I’m really sorry. You’ve been through so much. And you’re hardly the only one.
Yep, the “can’t keep it in, but can’t get it out” poop club. It’s not a fun club, although I try to keep a sense of humor about it. What you say about making “progress at coming to terms with what vaginal delivery did to me” resonates with me. The first few years were the hardest, for sure. It was such a huge adjustment.
Long-term effects of my c-sections on my babies and me: we’re alive. I couldn’t have any more than three, but that’s because I couldn’t survive another pregnancy, nothing to do with the c/s.
Negative long-term effects: Possibly the reason I couldn’t get an IUD after #3, possibly not. It’s okay, loved the tubal better. And I hate the weird flappy way my abdomen bulges over the bikini scar. But that would go away if I lost the excess weight.
Repeat – long-term effect – we are alive. No c/s -> no formerphysicist, no kids.
well, if you were dead you wouldn’t be able to get an IUD either, so they’re even on that one. But I suppose if you were dead you’d be spared that weird flappy abdomen bulge thing. So there’s that.

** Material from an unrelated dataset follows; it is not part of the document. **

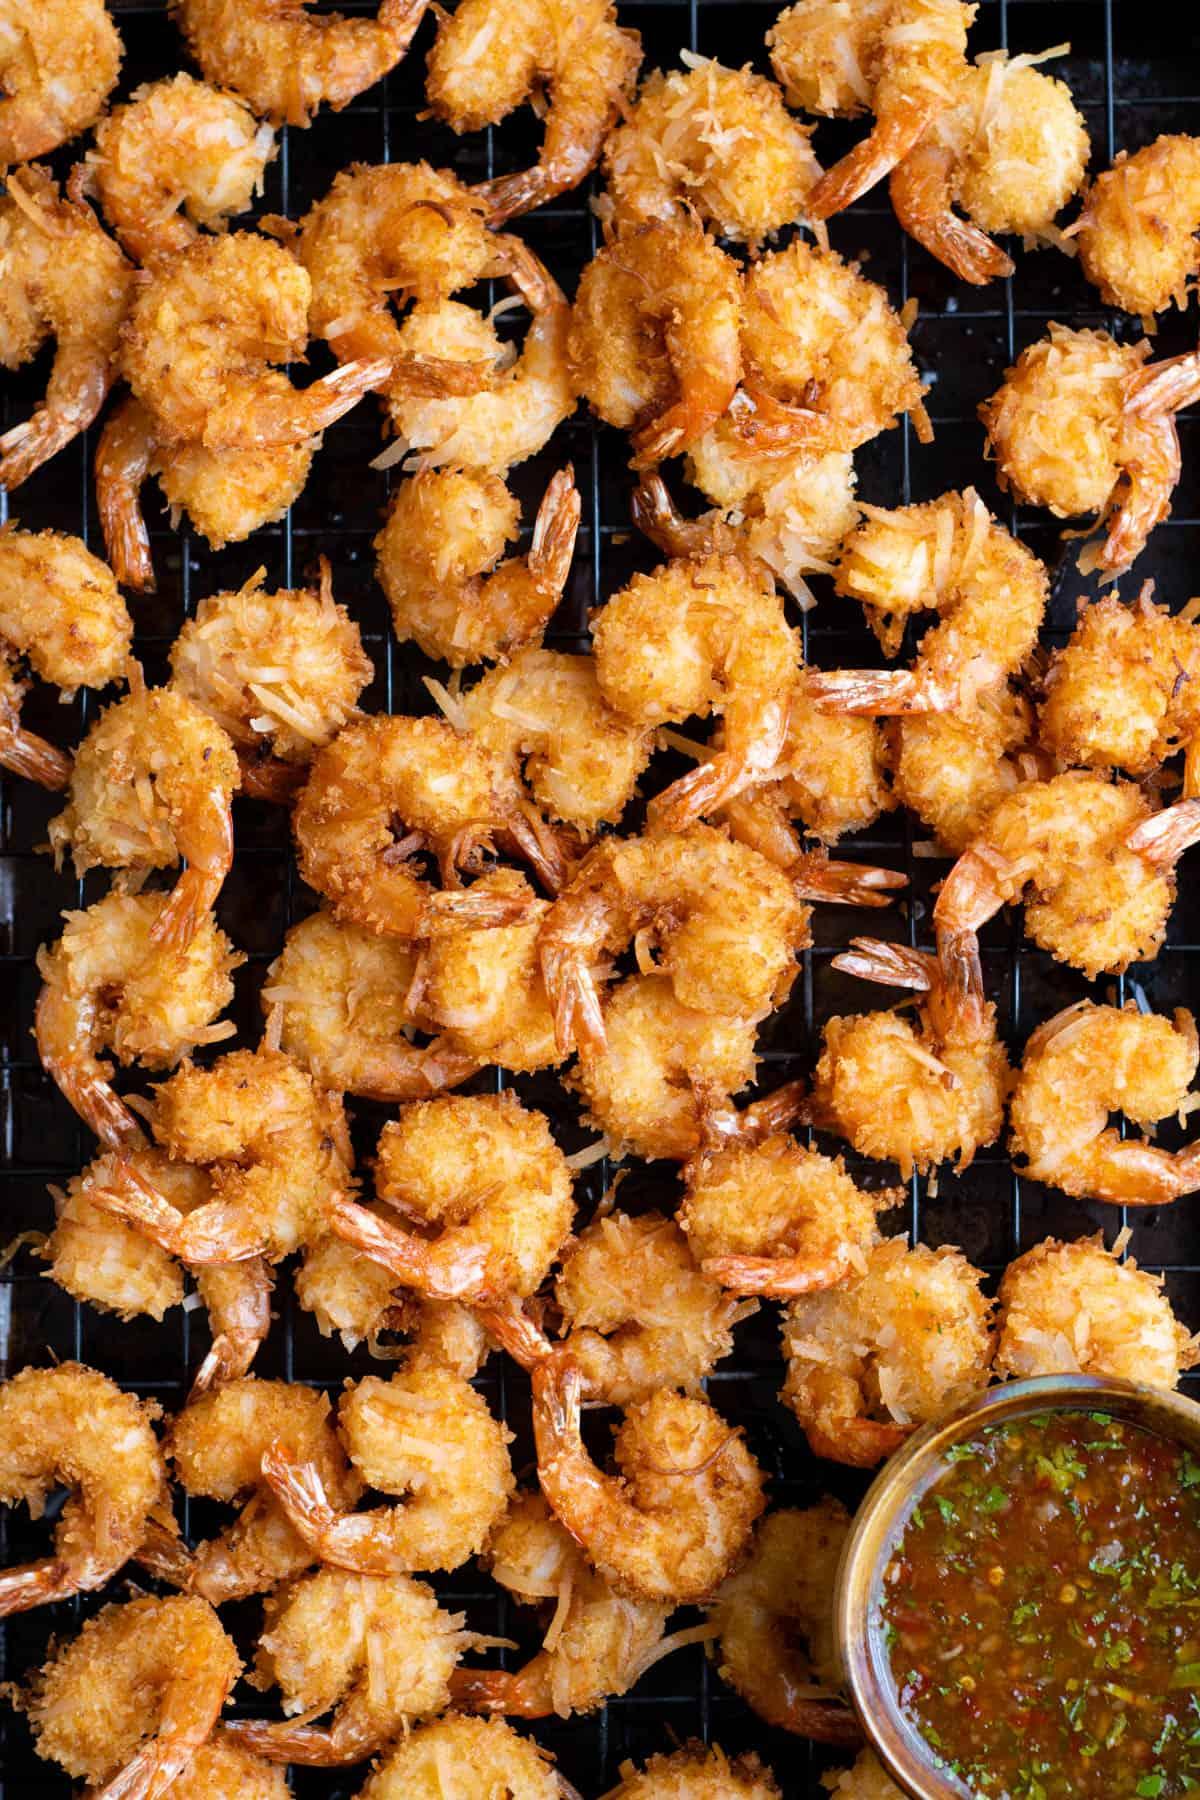 a pan of fried coconut shrimp

I was hoping you would cover this article. It got my blood boiling today when a respected magazine blared about it with the headline „CS increases probability of future miscarriage“. The information you get here about the cons of vaginal delivery are nonexistent or have to be coaxed out of most healthcare providers and articles like that make it so much worse. Thanks for clarifying.
Just after I turned eighteen, I had surgery on my left eye. I was offered two choices of how the surgery could be done. A month before, I had been a child, but now the doctors explained the pros and cons of each option. The choice was entirely mine.
Twenty years later, in the decision of how to give birth, I am treated like a child.
What the hell do they mean by this phrase?: long-term childhood outcomes (of C section)
Do they mean the supposed bullshit “outcomes” of obesity, diabetes, etc?
How about the fact that the “outcome” of NOT doing a C-section can be, for the baby, lack of oxygen, brain damage, shoulder dystocia or death?
They don’t seem to have looked for the long-term outcomes of intrapartum hypoxia, interestingly.
Do we even have evidence that women asking for MRCS are not being informed of the risk of CS? I know I was. At length.
Women going for vaginal birth are the ones not informed of the risks. But those risks are “natural”, even God-ordained because of Eve’s sin I guess….
In one of the many conversations my OB and I had before my first VBA2C, I’ll never forget him telling me, “You know, L, vaginal birth is not without a lot of pain and lengthy recovery too. It’g going to hurt afterward.” (I was trying for a vaginal birth to voluntarily get back to work faster).
Boy, was he right.
I have three friends who had picture-perfect vaginal births with easy recoveries. And friends who have had horrorshows where they were torn and bleeding for over a month (one whose abdominal muscles were so wrecked she had trouble sitting up). It seems like it’s rolling the dice to go VB – maybe super-easy, maybe horrific – and a prelabor C/S is more controllable/predictable, despite being more difficult than the ‘best’ VB?
Conversely, how many women are adequately advised of the long-term effects of vaginal birth?